Photo of early radio telescope model via NAAPO
In 1890, an electrical engineer working for Thomas Edison by the name of Arthur Kennelly wrote a letter to the director of the Lick Observatory. He had described an interesting experiment being undertaken by Edison that may have been the first radio telescope — forty years before its official invention, interestingly enough.
According to historical record as we know it, the first radio telescope was built in 1931 by Karl Jansky, an ingineer working for Bell Laboratories, with the intention of discovering the source of interference transmissions. His investigation led him to conclude that the origin of the interference transmissions was, in fact, the Milky Way. Five years later, amateur astronomer Grote Reber applied this technique in the first application of a new branch of astronomy that became known as radio astronomy.

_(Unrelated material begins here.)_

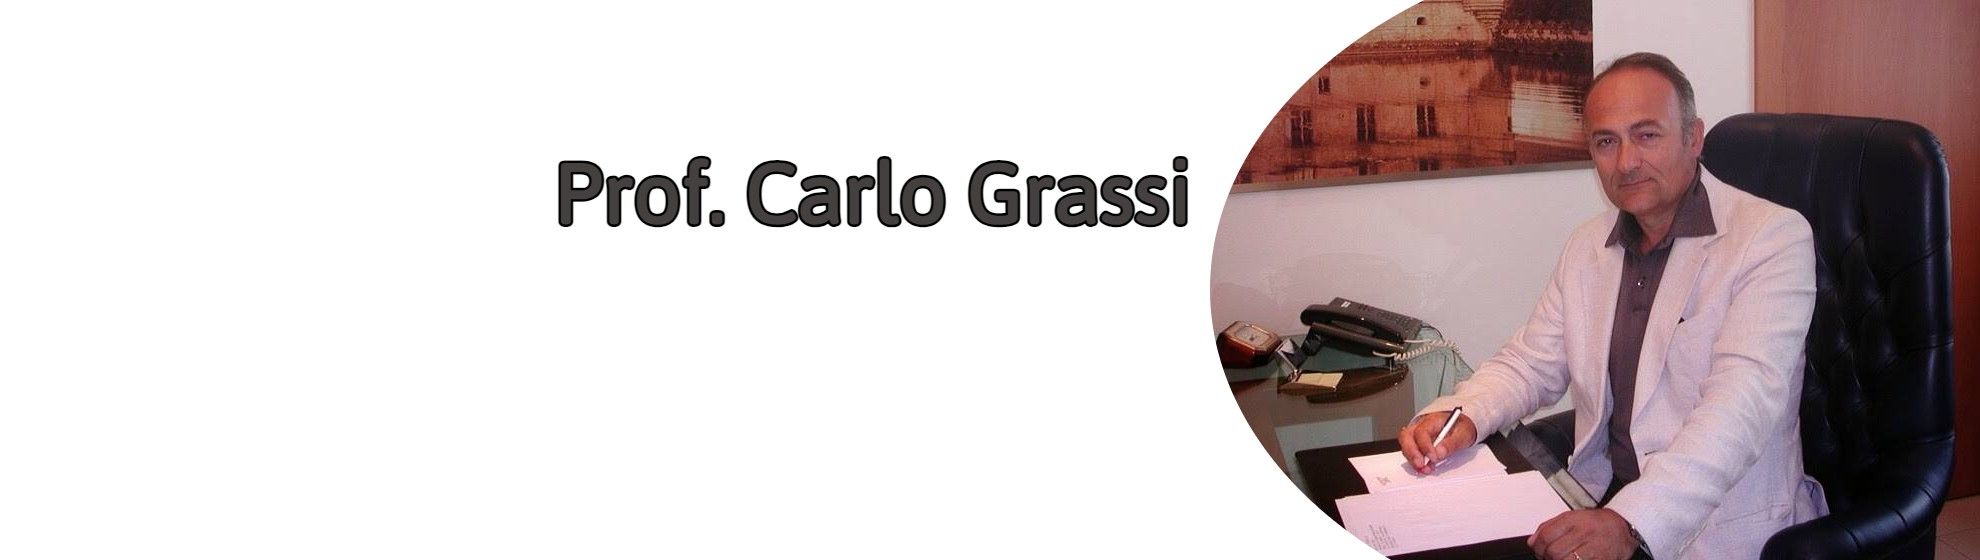 Prof. Carlo Grassi

Still, there are tantalizing hints that its birth may have come almost 40 years before.
In his letter about Edison to the director of Lick, Kennelly said the inventor had turned his mind to solar physics. Along with the electromagnetic disturbances we receive from the Sun,” he wrote, “which, of course, you know we recognise as light and heat” Edison had decided that it was “not unreasonable to suppose there will be disturbances of much longer wavelength.”
If this were to prove true, Kennelly said, “we might translate them into sound.”

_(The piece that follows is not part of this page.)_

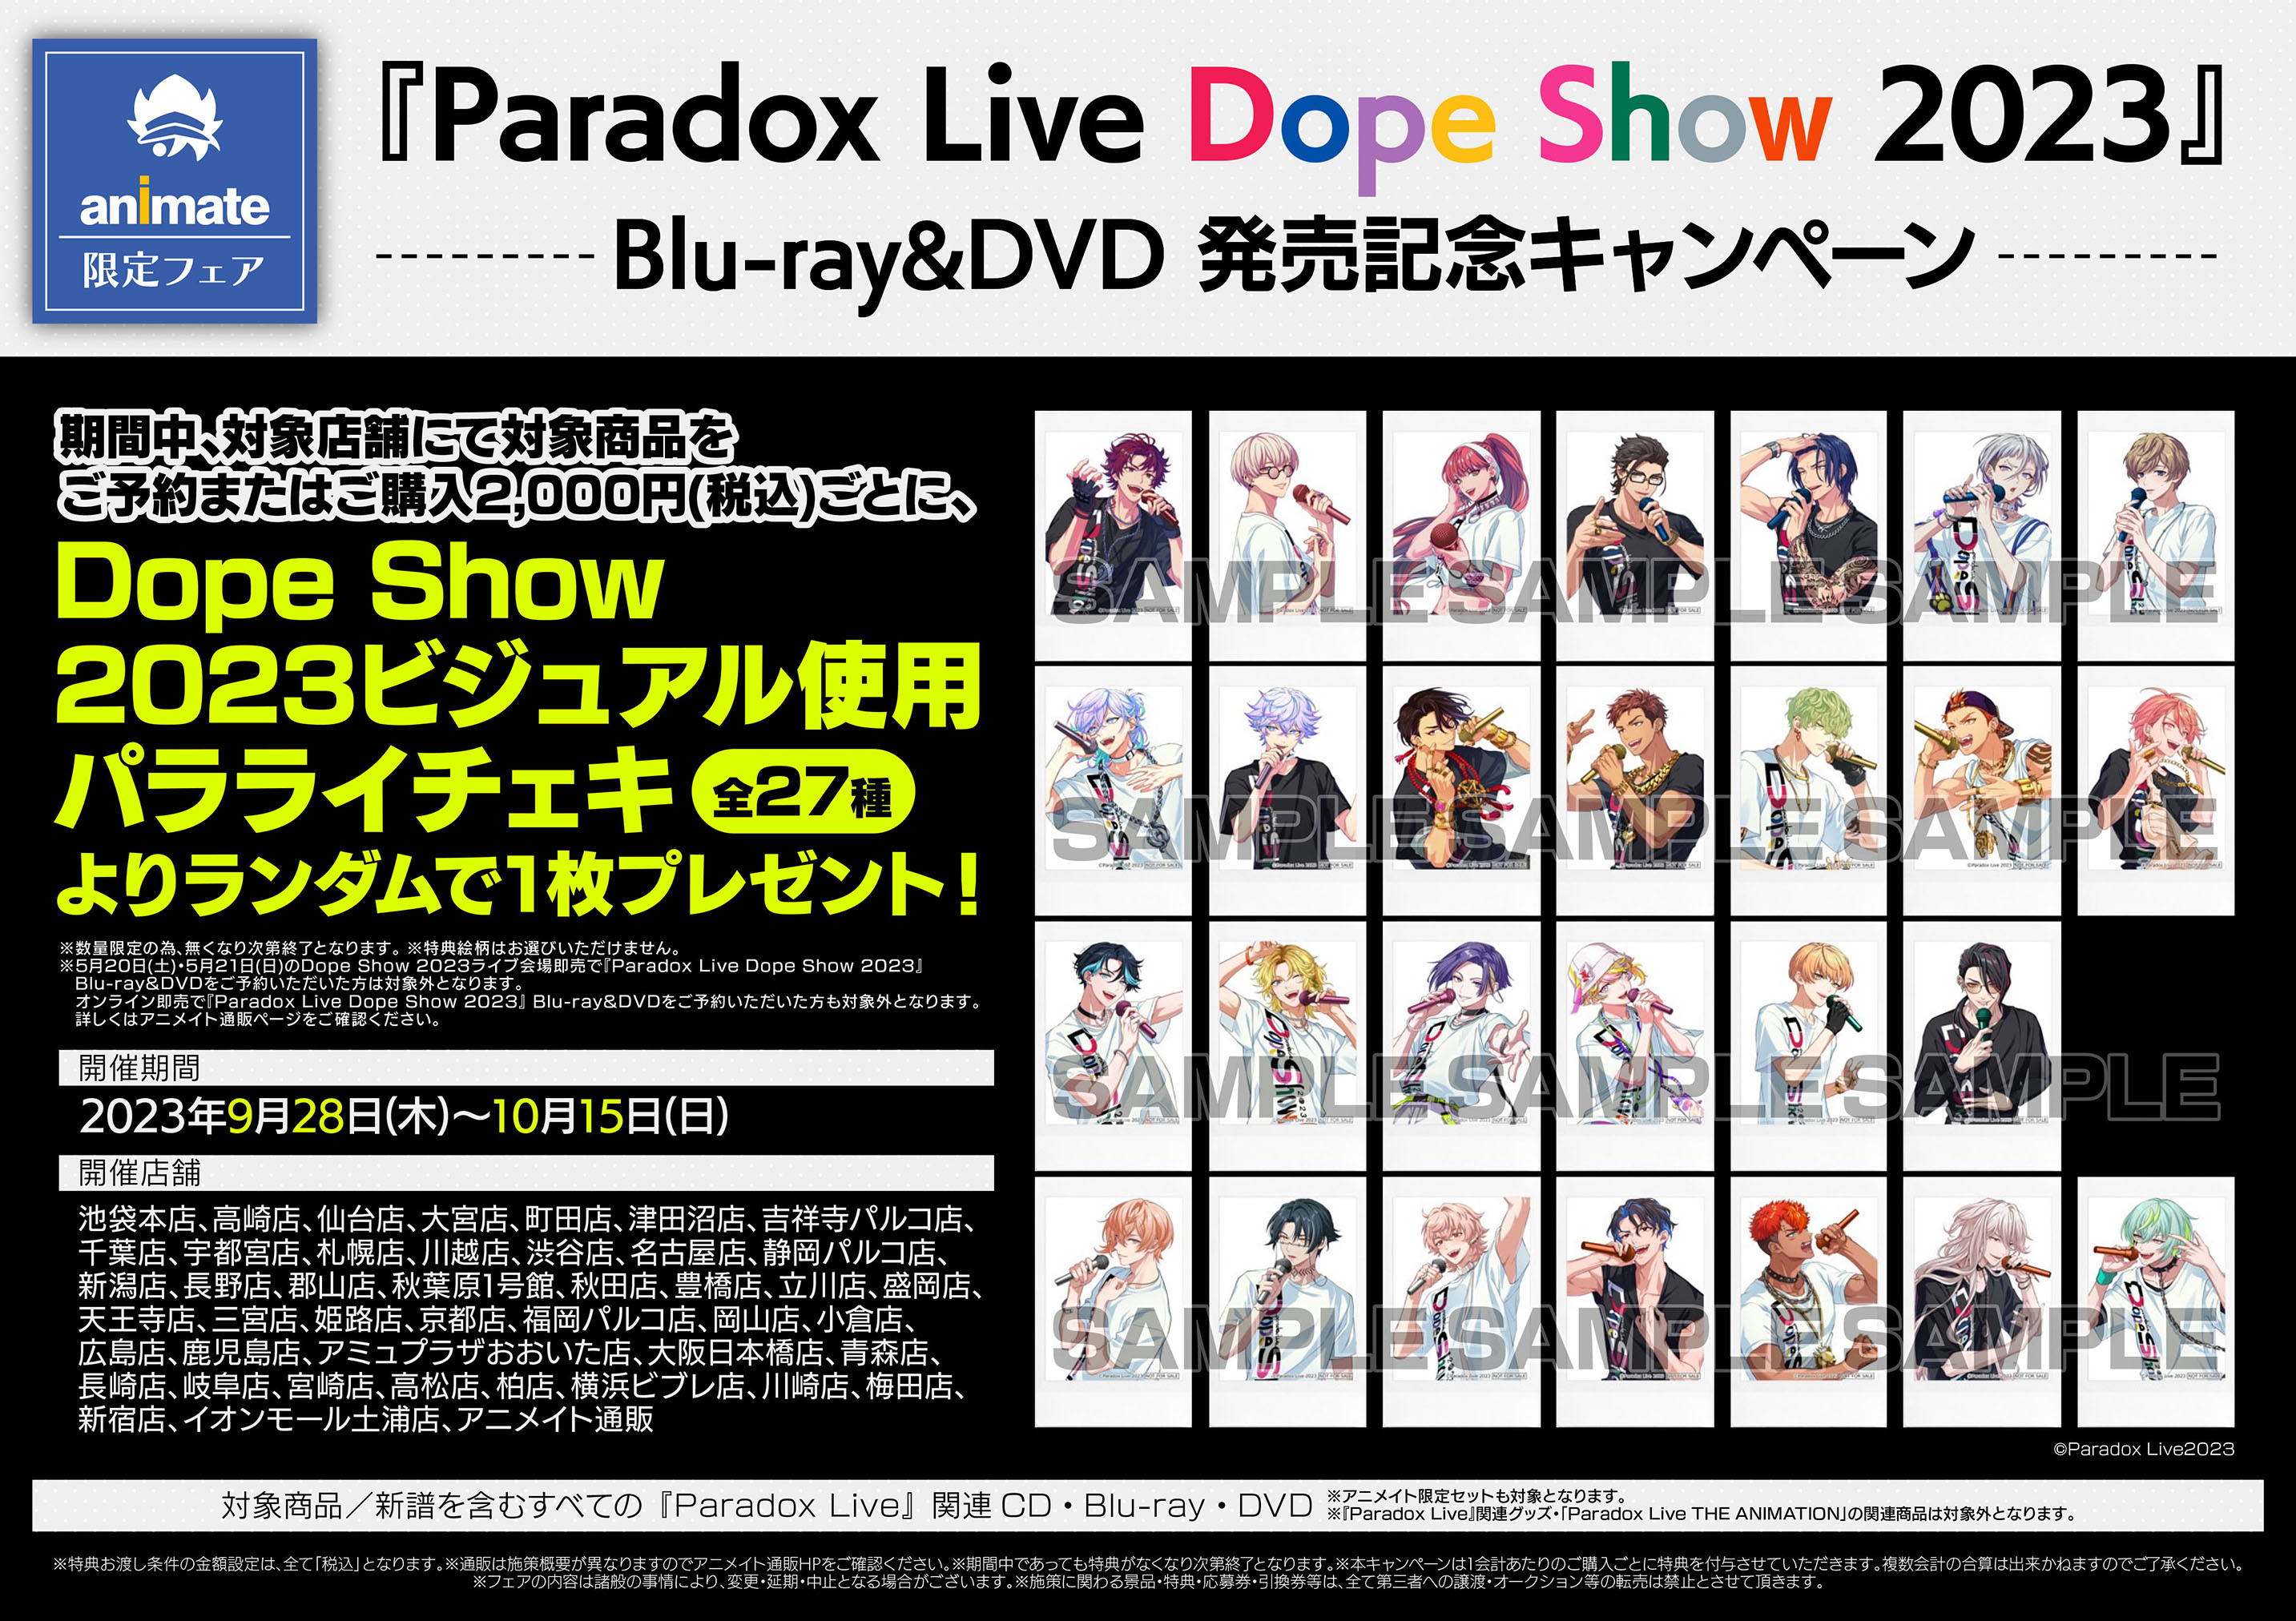 パラライドプショParadox Live Dope Show 2023 Blu-ray 円盤

Edison’s plan was to use a huge mass of iron ore. Around this hunk of metal, he would erect a series of wooden poles, and from these poles would be a cable consisting of seven carefully insulated wires, the terminals of which would be attached to a telephone or similar apparatus. “It is then possible,” Kennelly wrote, “that violent disturbances in the Sun’s atmosphere might so disturb either the normal electromagnetic flow of energy we receive, or the normal distribution of magnetic force on this planet, as to bring about an appreciably great change in the flow of magnetic induction embraced by the cable loop.”
Edison had suspected that such electromagnetic disturbances would be associated with sunspot activity and hoped that Lick Observatory would be able to provide information as to just when these occurred, since Edison and Kennelly would not be able to establish a connection “unless we have positive evidence of coincident disturbances in the corona.”
Unfortunately, there is no evidence one way or the other whether Edison ever carried out the experiment. If he had, it probably wouldn’t have worked. Edison’s proposed apparatus would have been very insensitive, capable of detecting only very long wavelengths—and the ionosphere prevents such long waves from reaching the earth’s surface. Ironically, it was Kennelly who went on to co-predict the existence of the Heaviside Layer, which accounted for this effect.